Provided data START

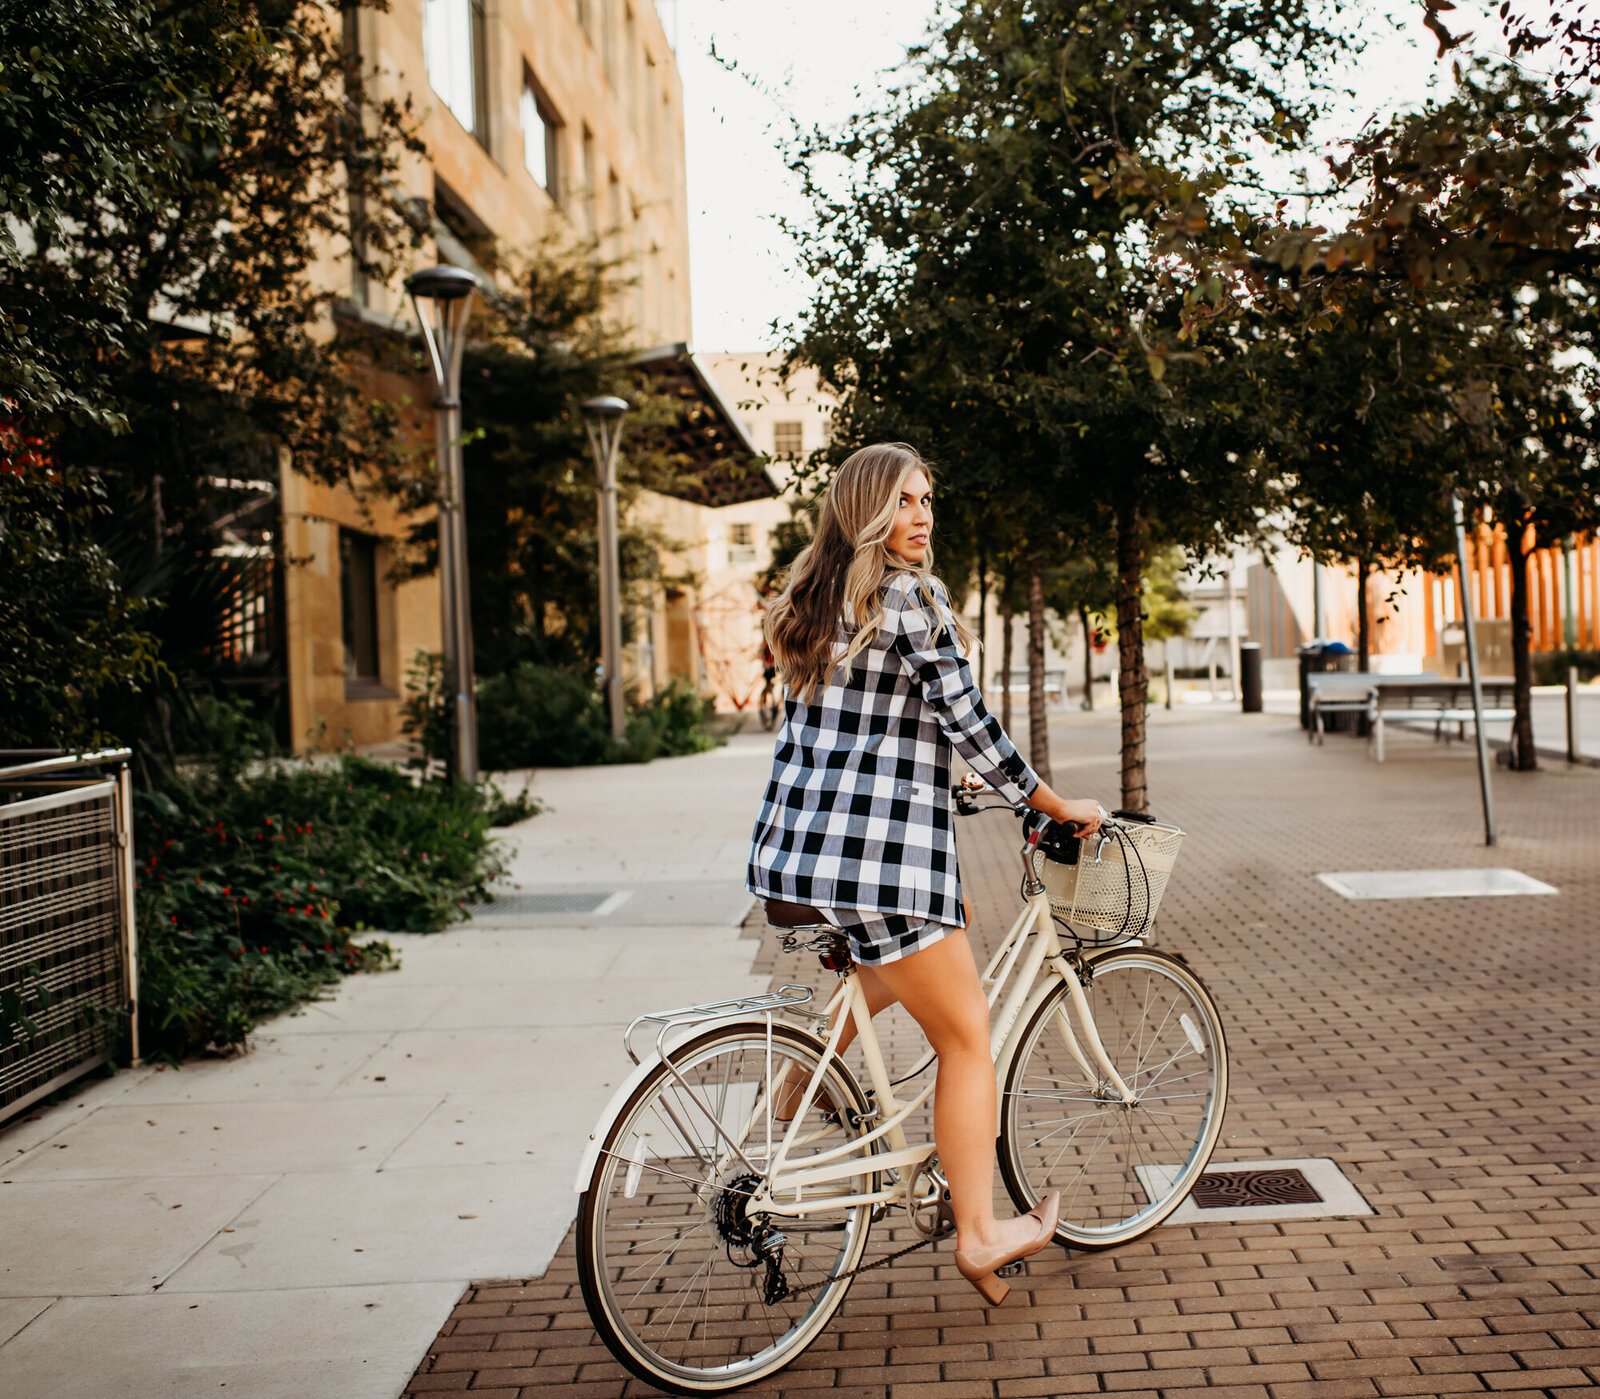 Branding Photographer, woman sits on bike in town
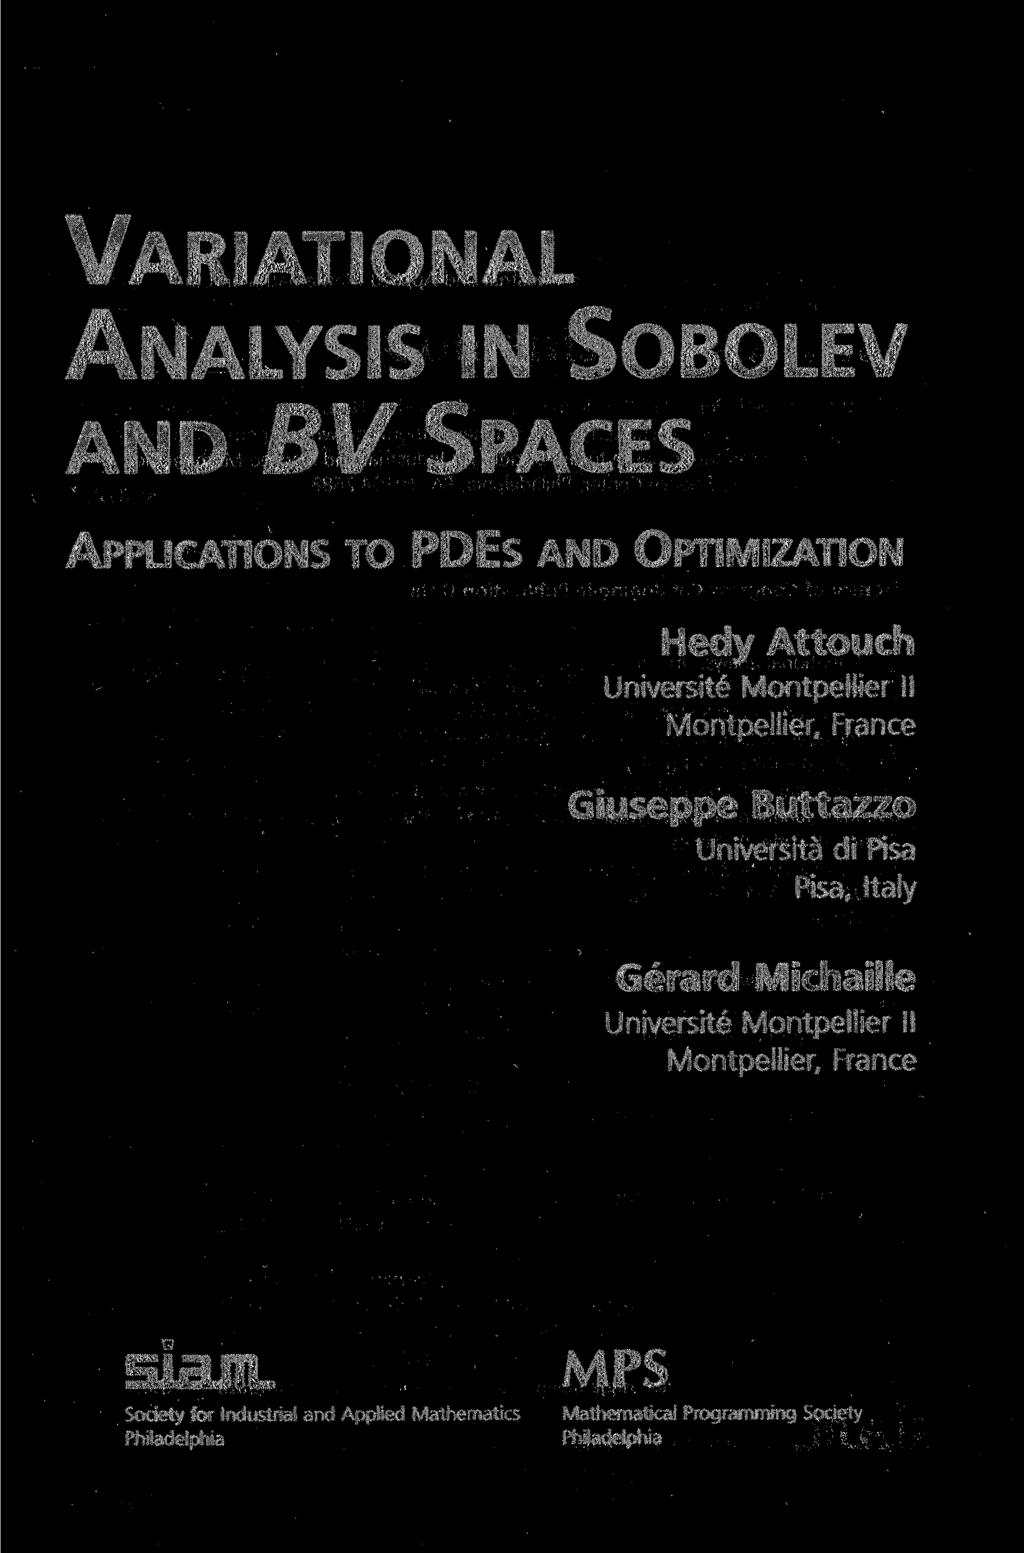 ж ш Л Fi I /V T I Jf"\ Ik 1 Л 1 ANALYSIS IN SOBOLEV AND BV SPACES APPLICATIONS TO PDES AND OPTIMIZATION Hedy Attouch Universite Montpellier I!
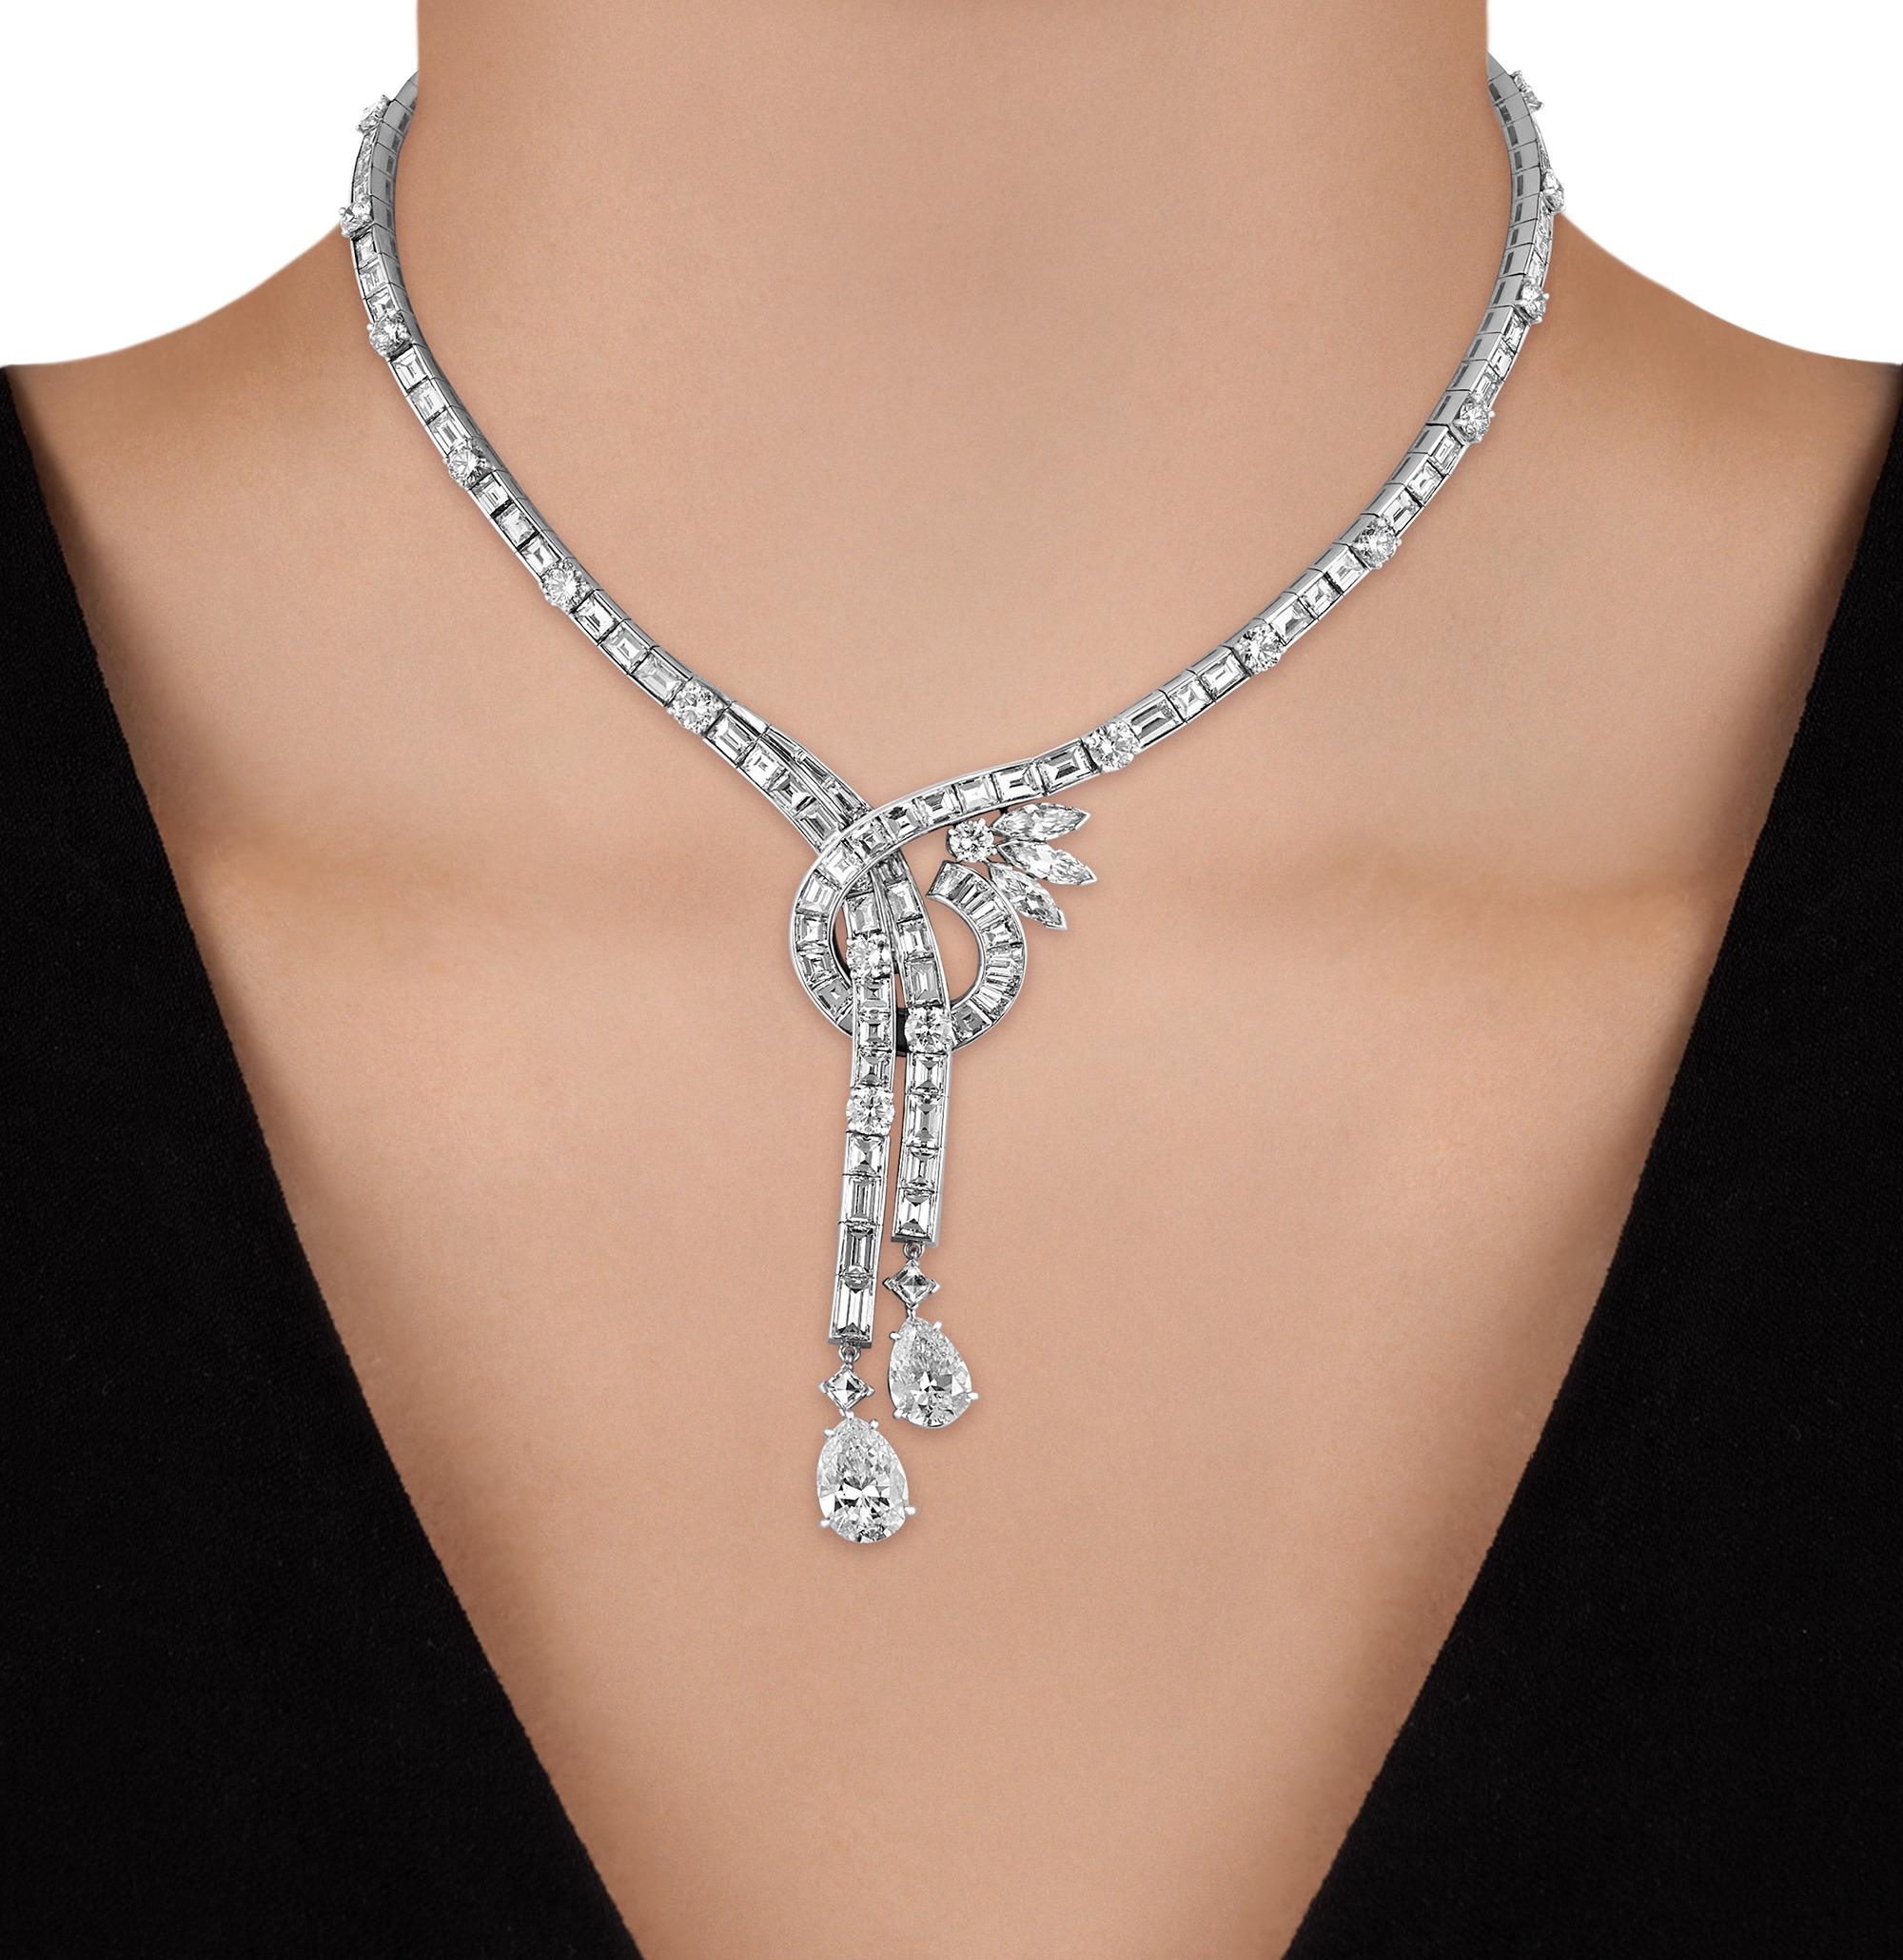 This stunning lariat-style necklace exudes romantic elegance, sparkling with an astounding 36.77 carats of white diamonds. The delicate curve of the necklace is studded with a beautiful array of mixed cut accent diamonds, culminating in two

Provided data END

▶ _Description of the task_:
Here the job is to quote the lines from the one with "ж ш Л Fi I /V" through the end of the material, both included, exactly; please skip the pictures.

▶ _Answer box_:
 ж ш Л Fi I /V T I Jf"\ Ik 1 Л 1 ANALYSIS IN SOBOLEV AND BV SPACES APPLICATIONS TO PDES AND OPTIMIZATION Hedy Attouch Universite Montpellier I!
 This stunning lariat-style necklace exudes romantic elegance, sparkling with an astounding 36.77 carats of white diamonds. The delicate curve of the necklace is studded with a beautiful array of mixed cut accent diamonds, culminating in two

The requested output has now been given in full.